:: TO DO ::
The whole listing that follows is to be restated word for word, images excluded.

:: DATASET EXTRACT ::
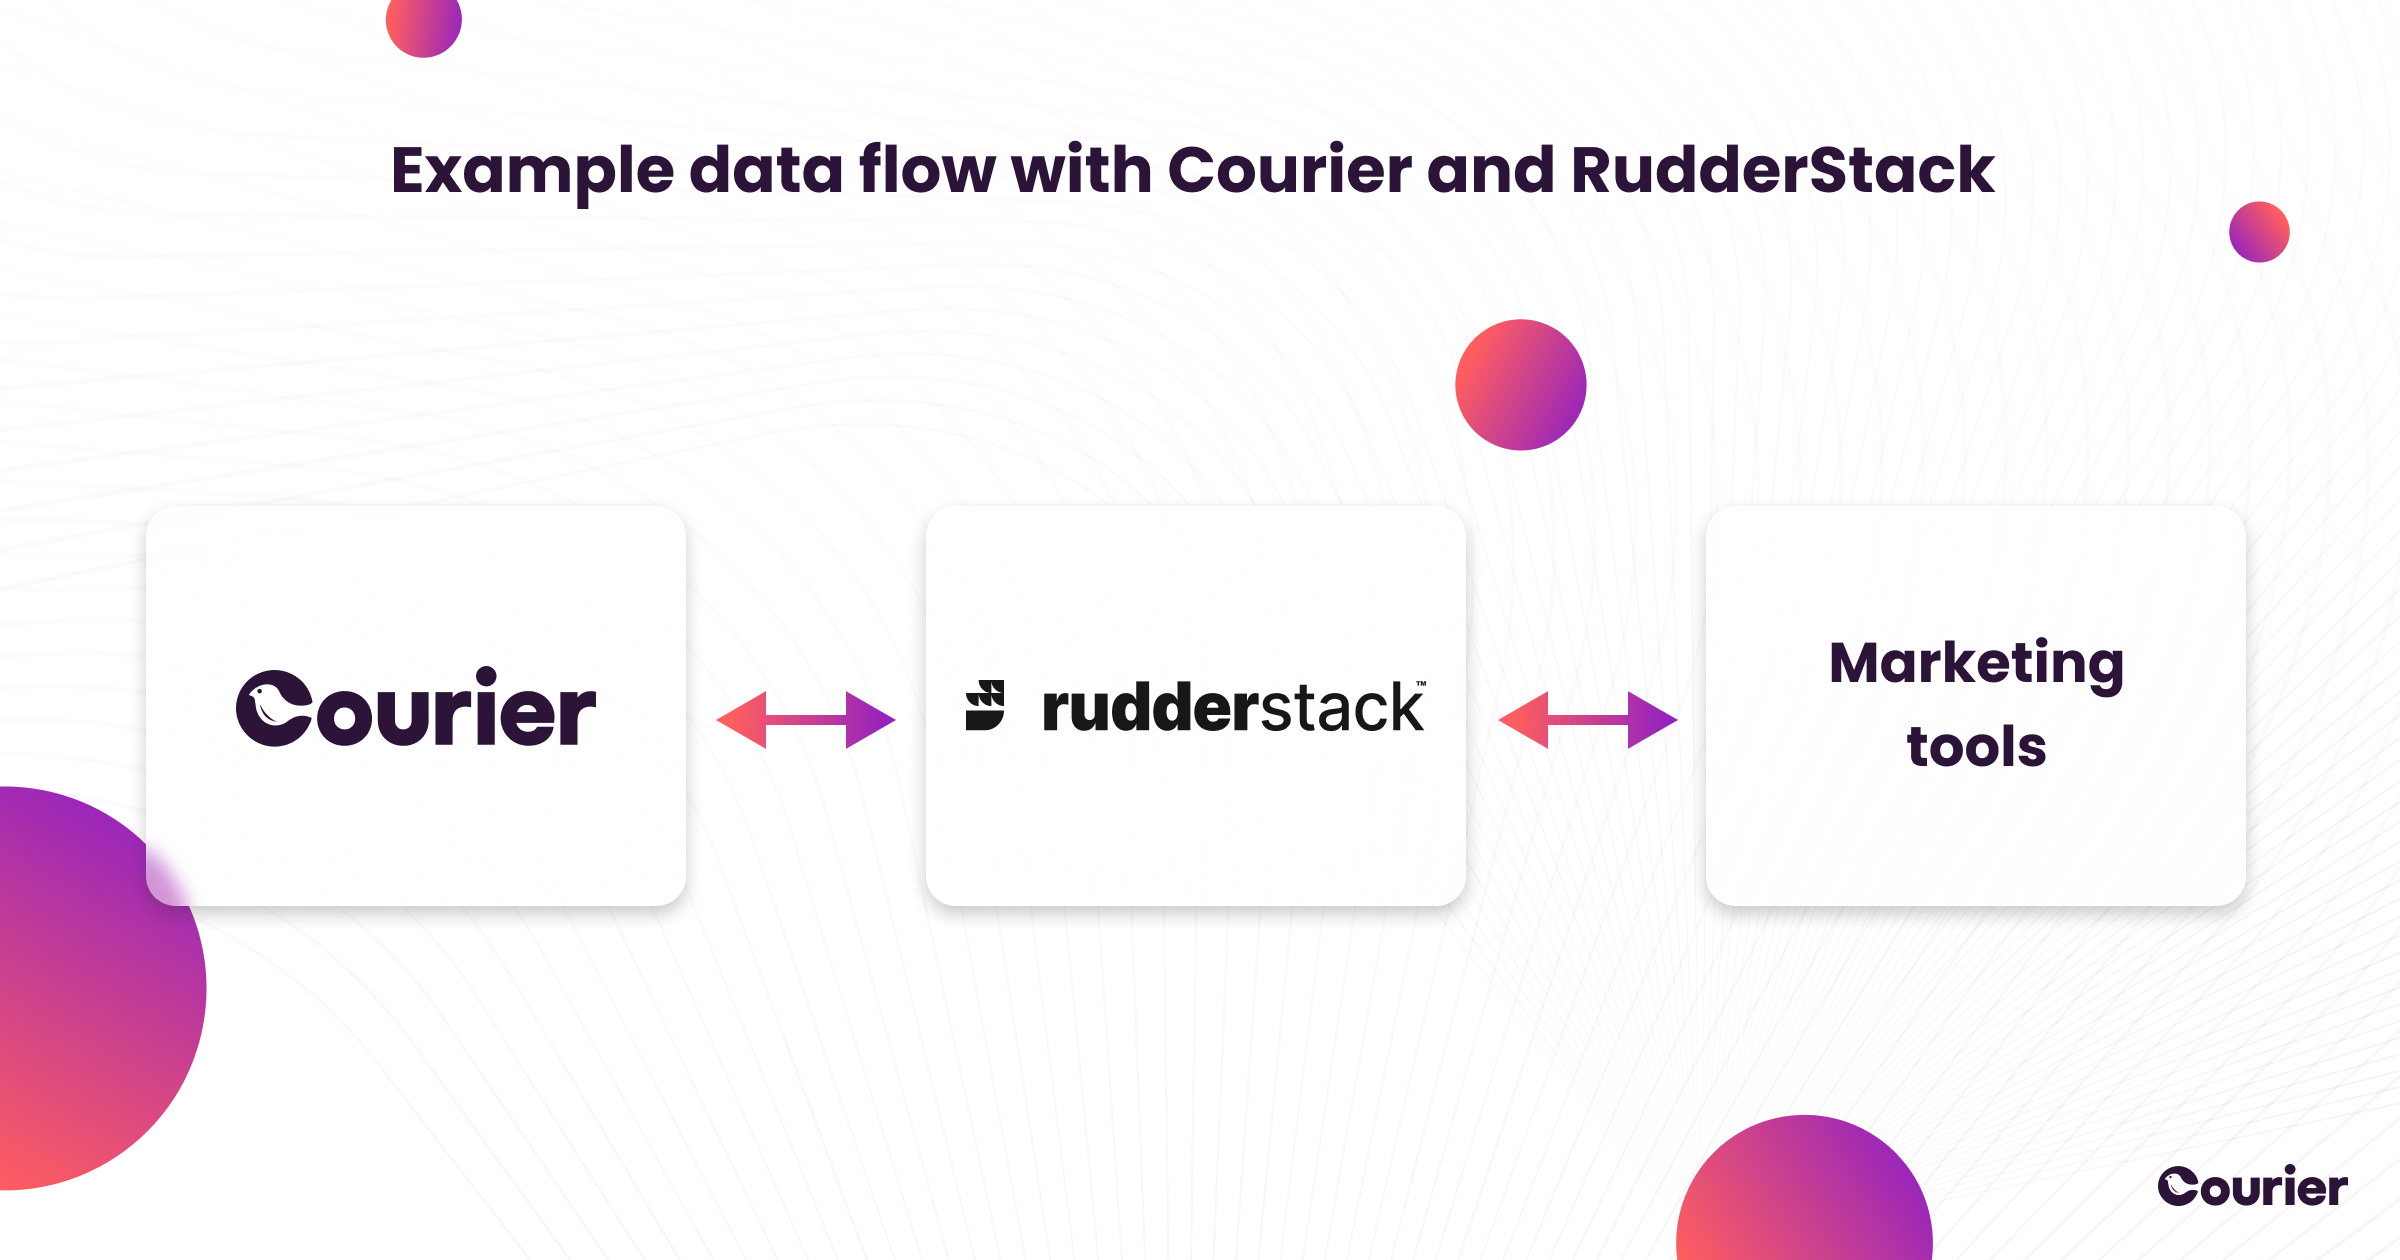 Rudderstack Courier data flow
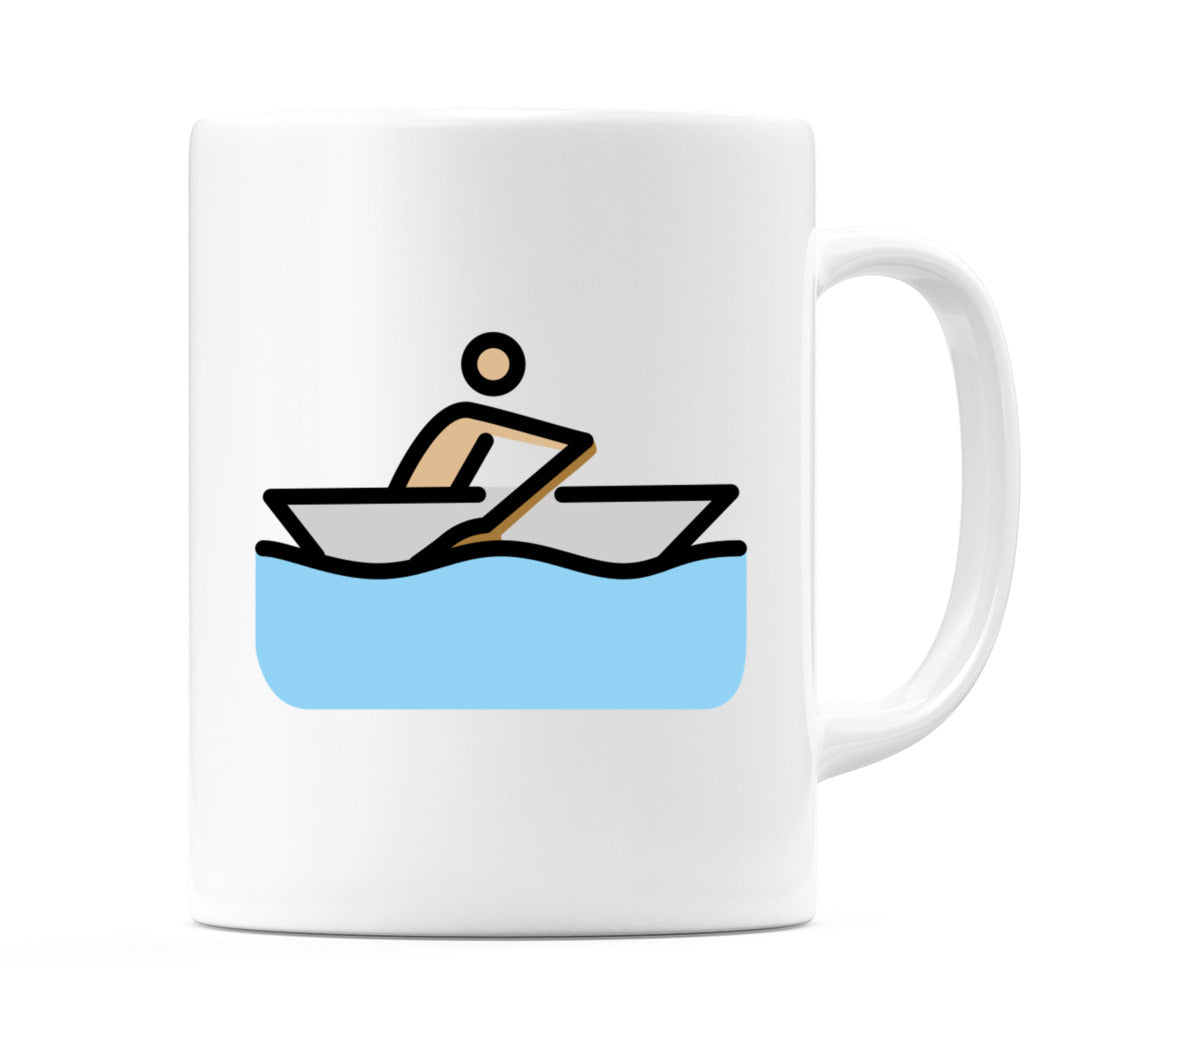 Male Rowing Boat: Medium-Light Skin Tone Emoji Mug
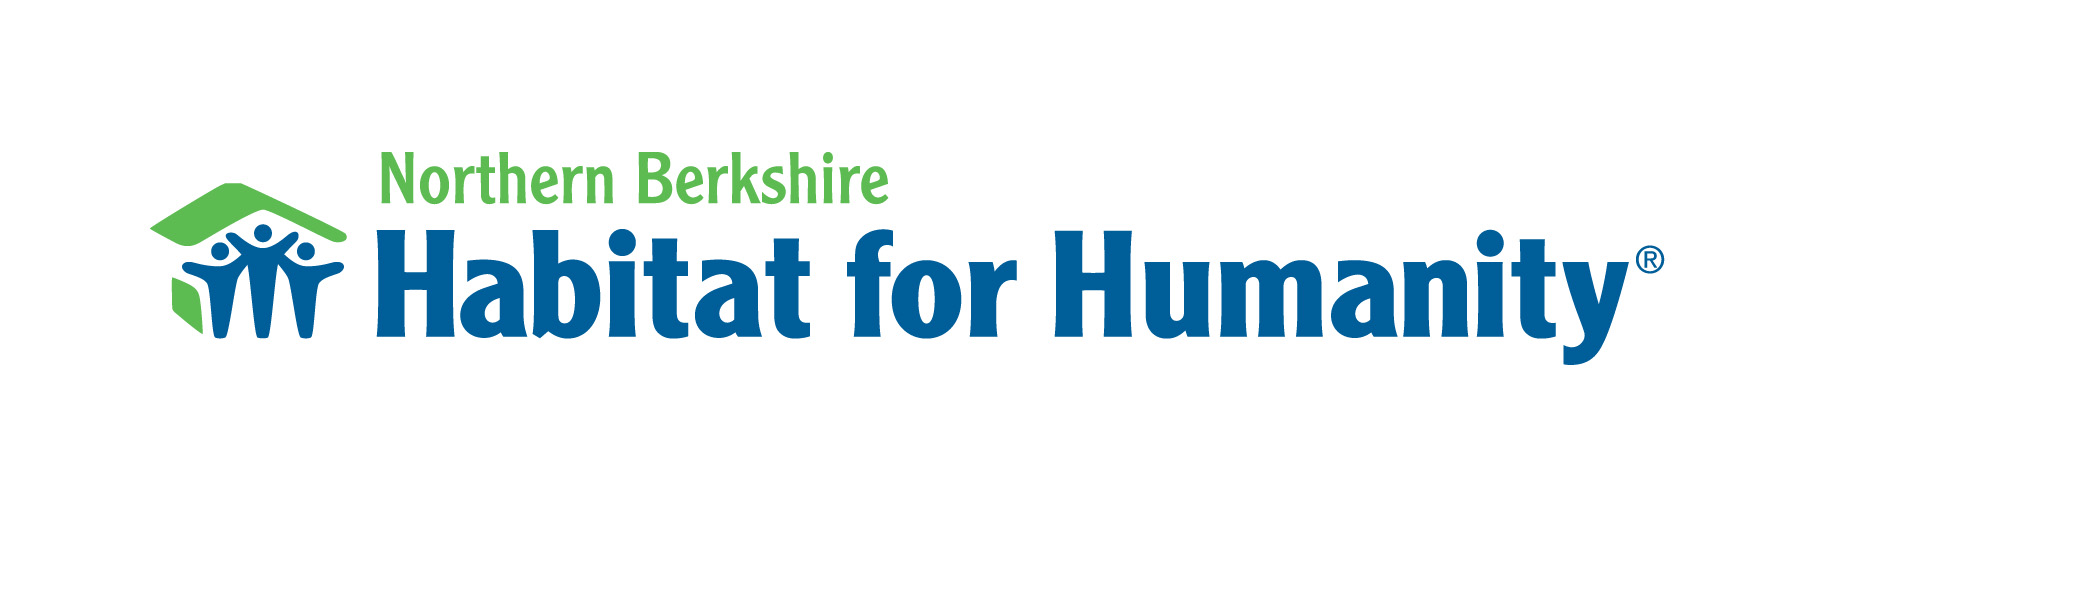 Northern Berkshire Habitat for Humanity logo
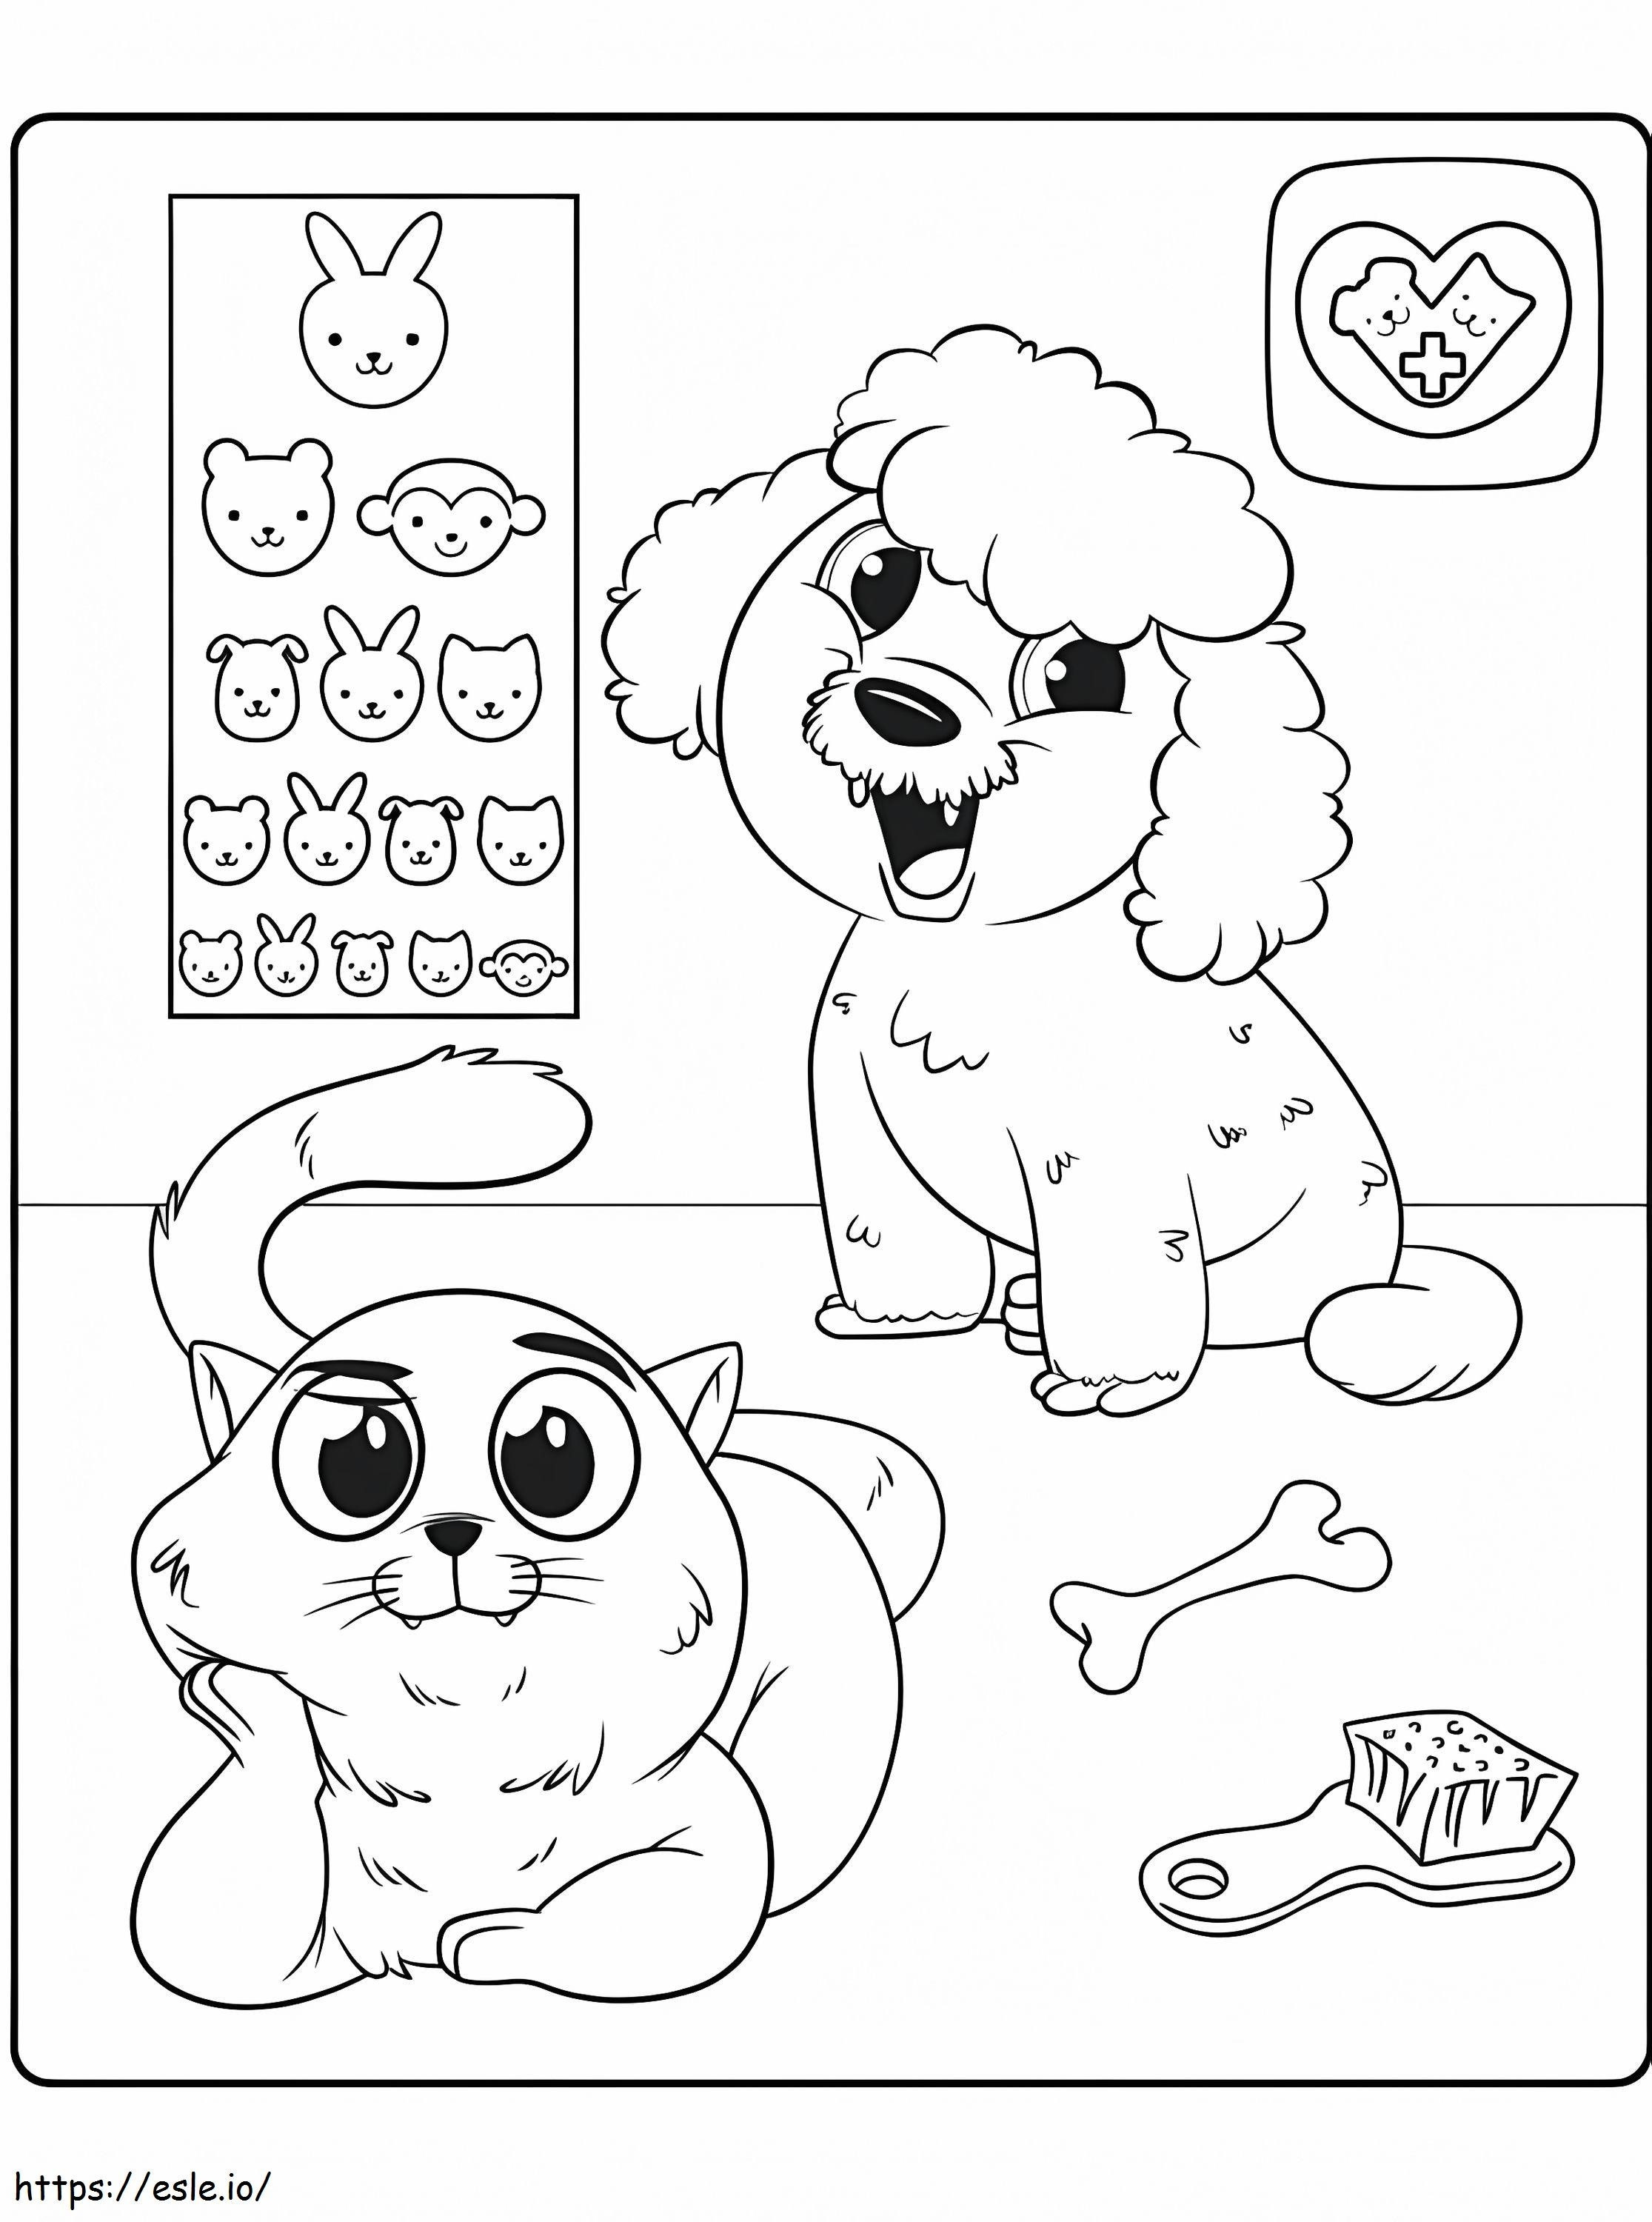 Funny Washimals coloring page

:: REPLY TO THE TASK ::
 Rudderstack Courier data flow
 Male Rowing Boat: Medium-Light Skin Tone Emoji Mug
 Northern Berkshire Habitat for Humanity logo
 Funny Washimals coloring page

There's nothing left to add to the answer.